▶ WORK TO COMPLETE:
Restate, word for word and with no pictures, the stretch of lines in the data below that begins at the line with "Interior home decorating" and ends at the line with "Mirielle 3 Light", inclusive.

▶ DATASET EXTRACT:

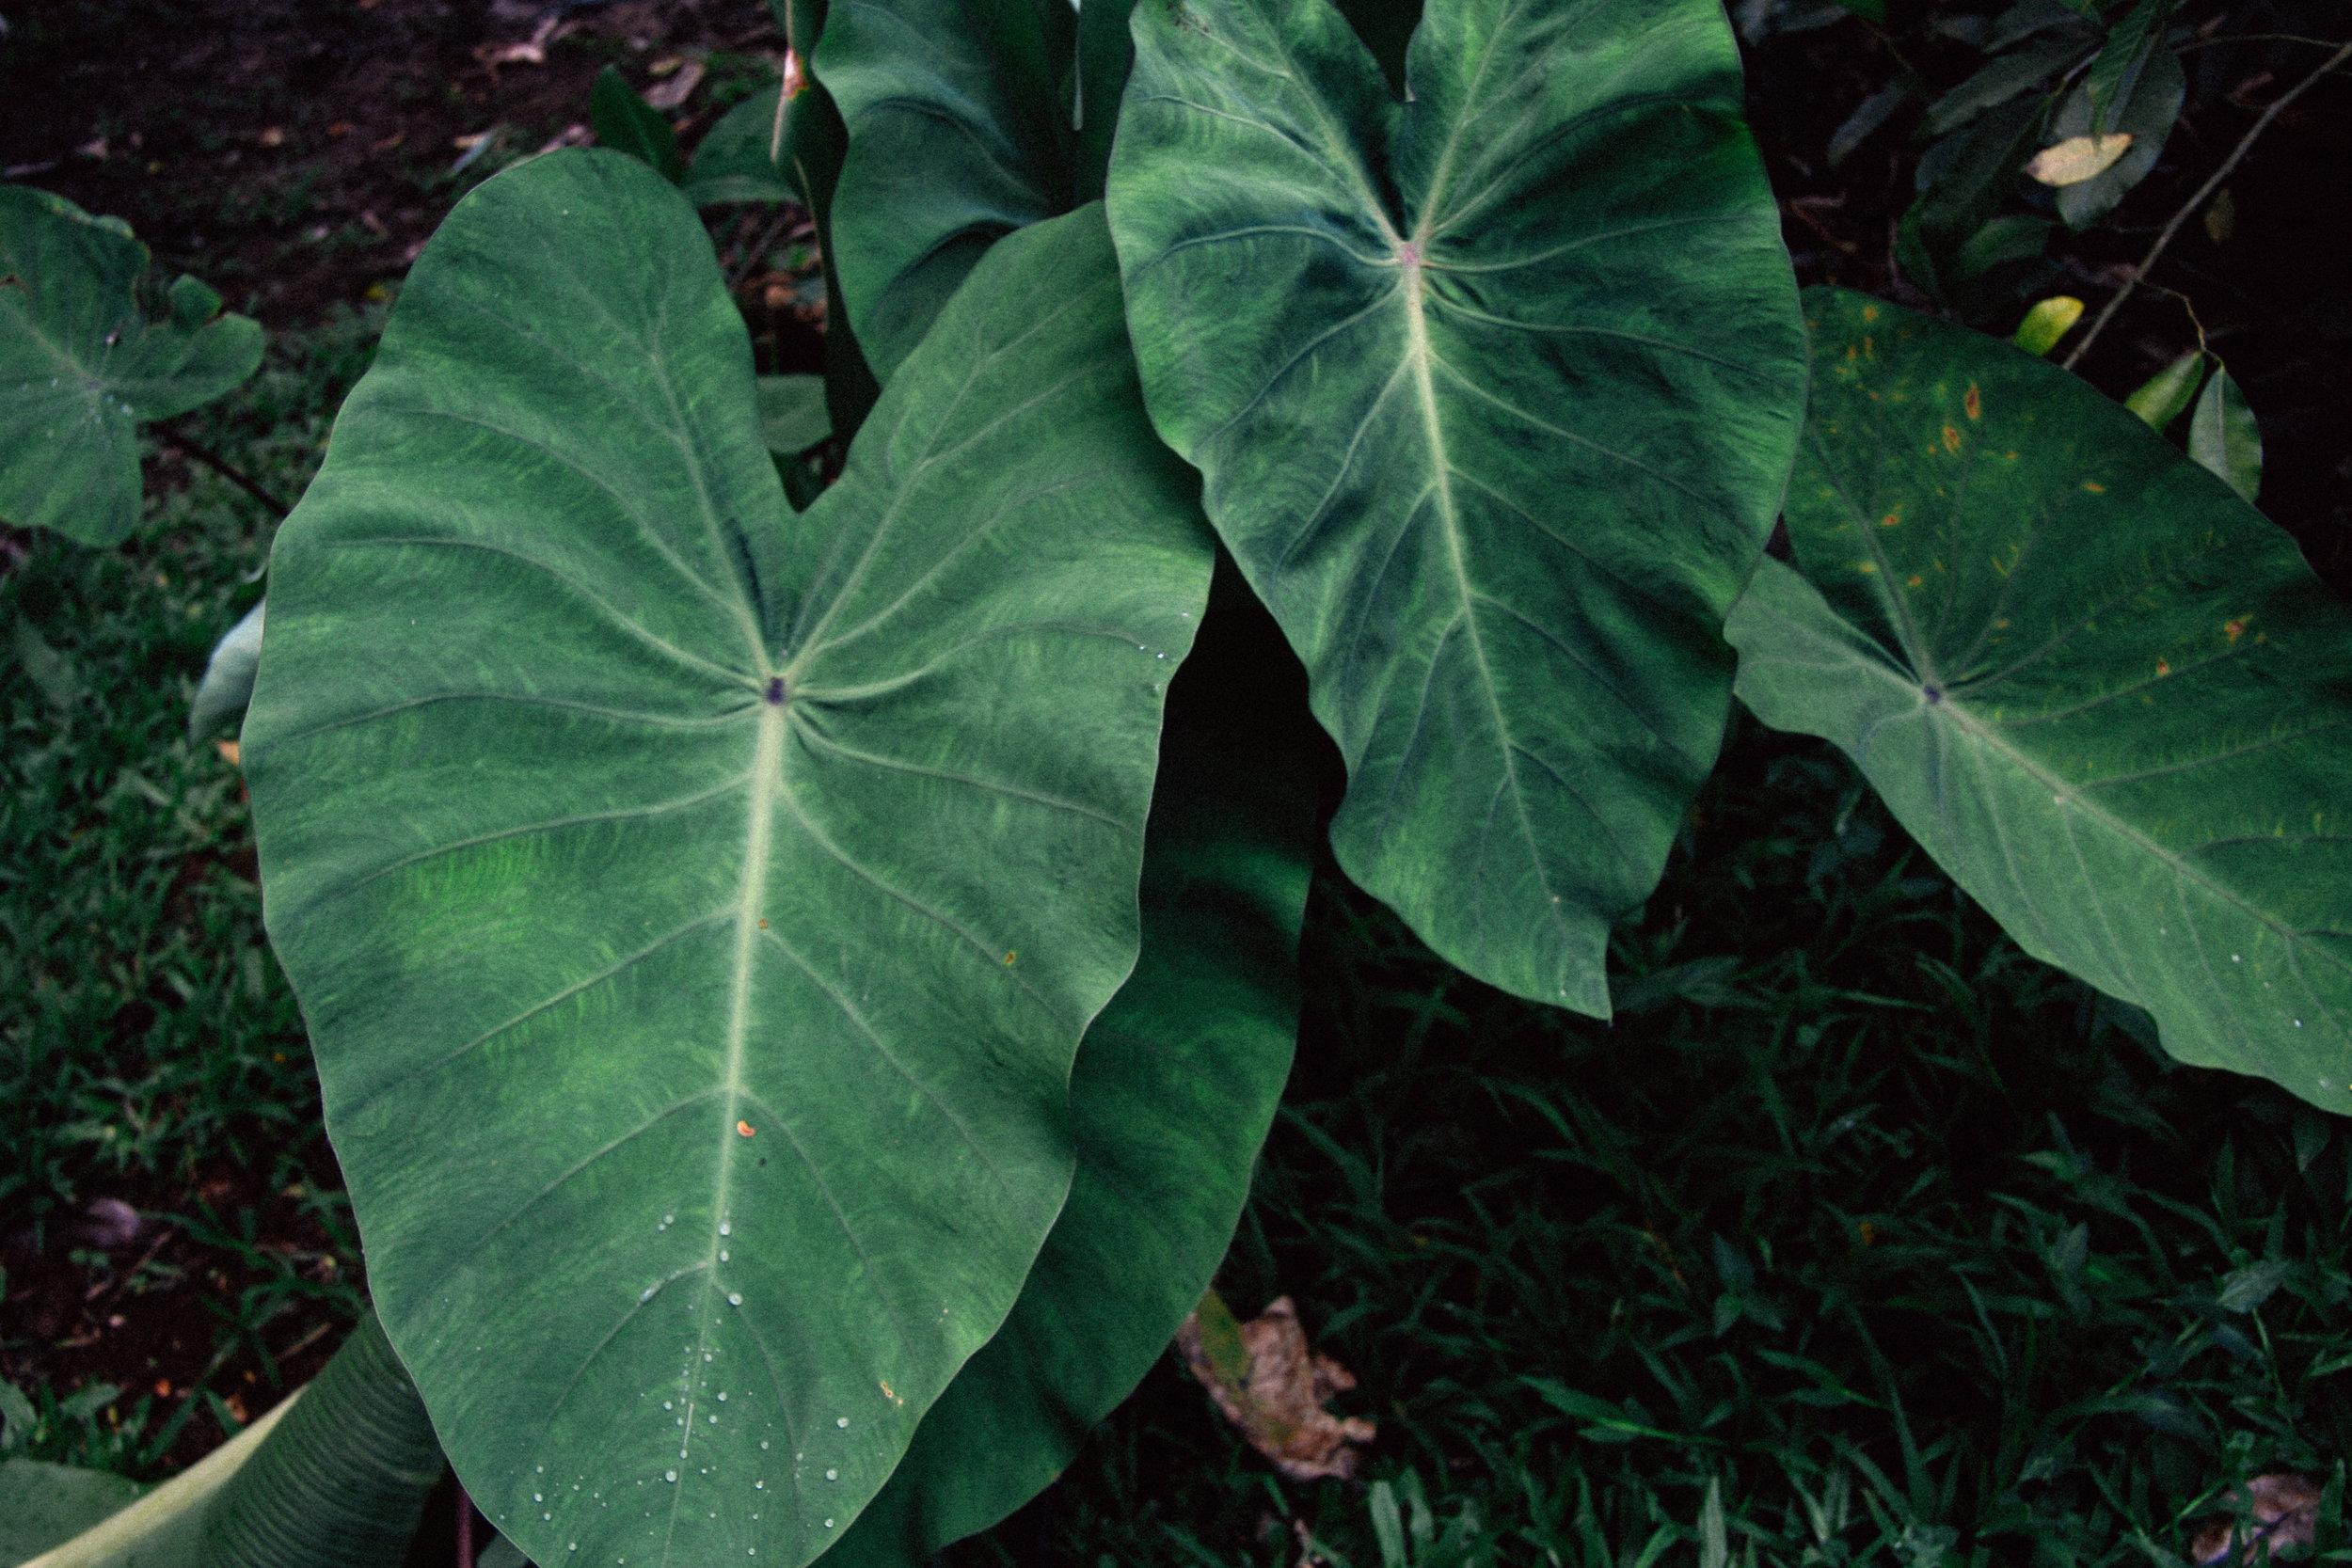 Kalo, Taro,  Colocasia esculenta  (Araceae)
--
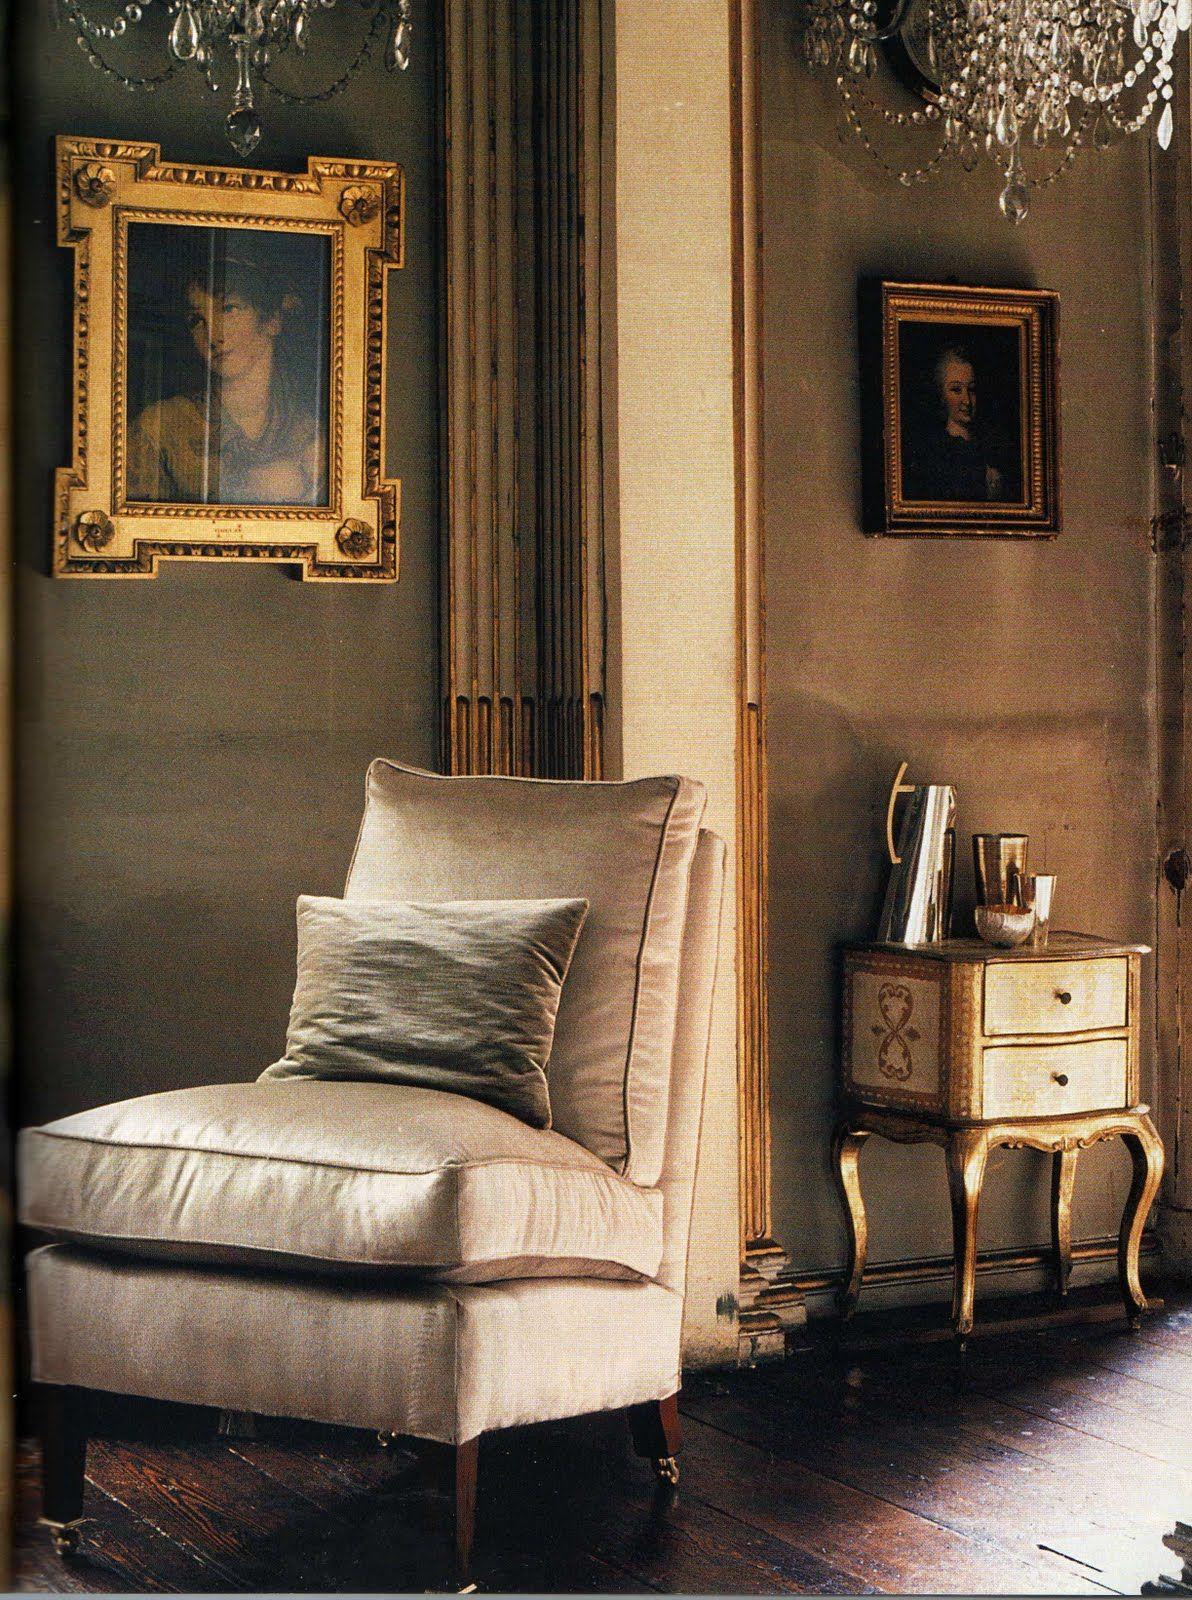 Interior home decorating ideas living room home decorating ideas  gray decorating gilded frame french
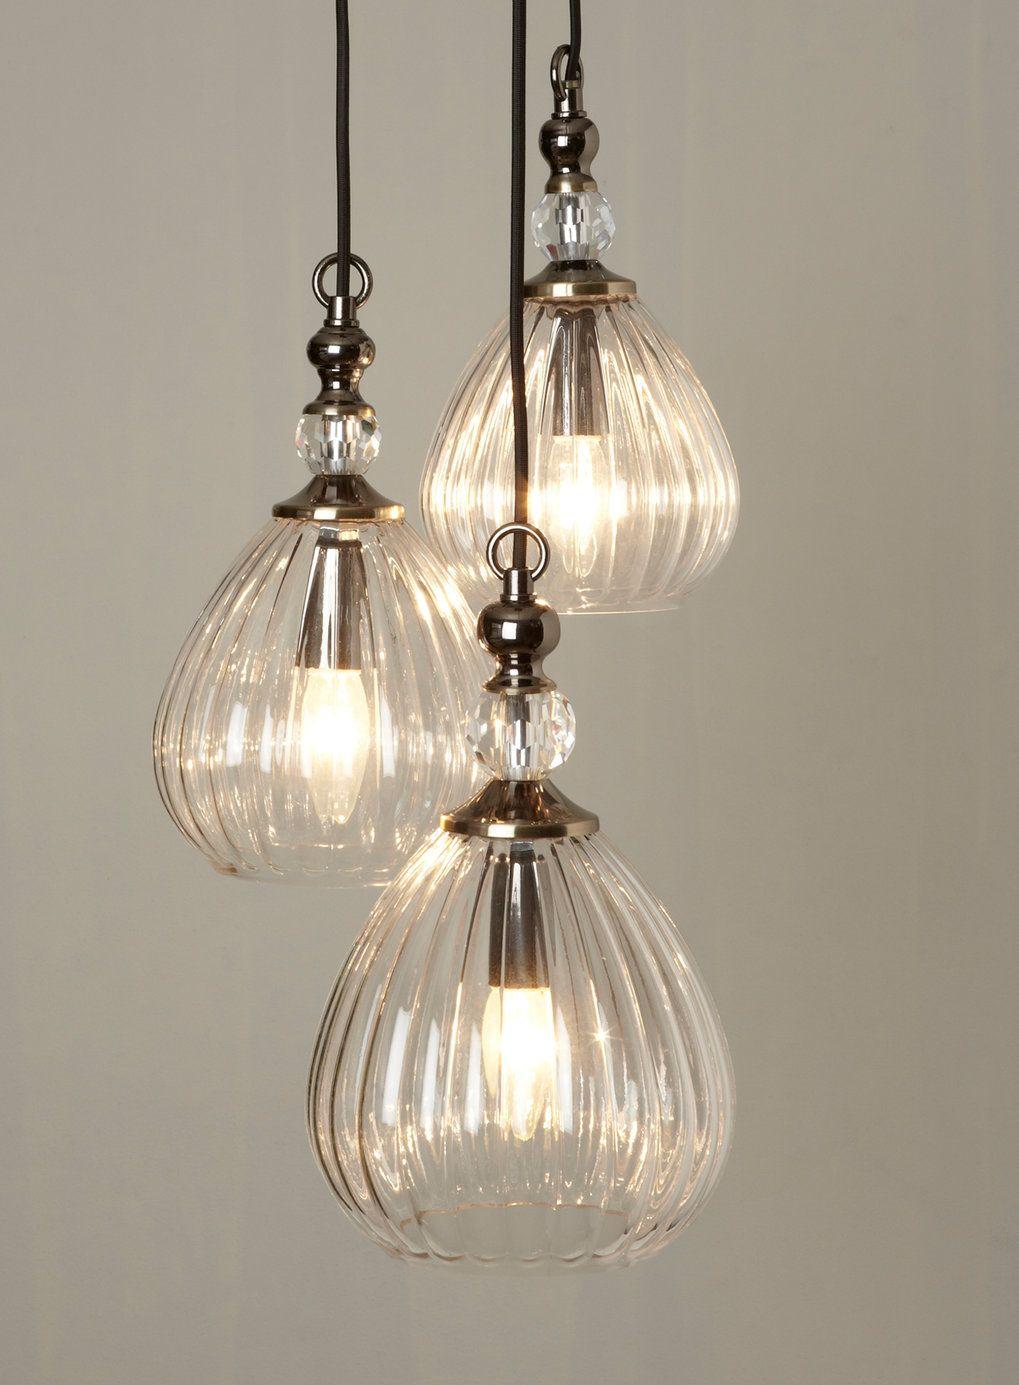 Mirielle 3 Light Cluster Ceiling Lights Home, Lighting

▶ TASK RESULT:
 Interior home decorating ideas living room home decorating ideas  gray decorating gilded frame french
 Mirielle 3 Light Cluster Ceiling Lights Home, Lighting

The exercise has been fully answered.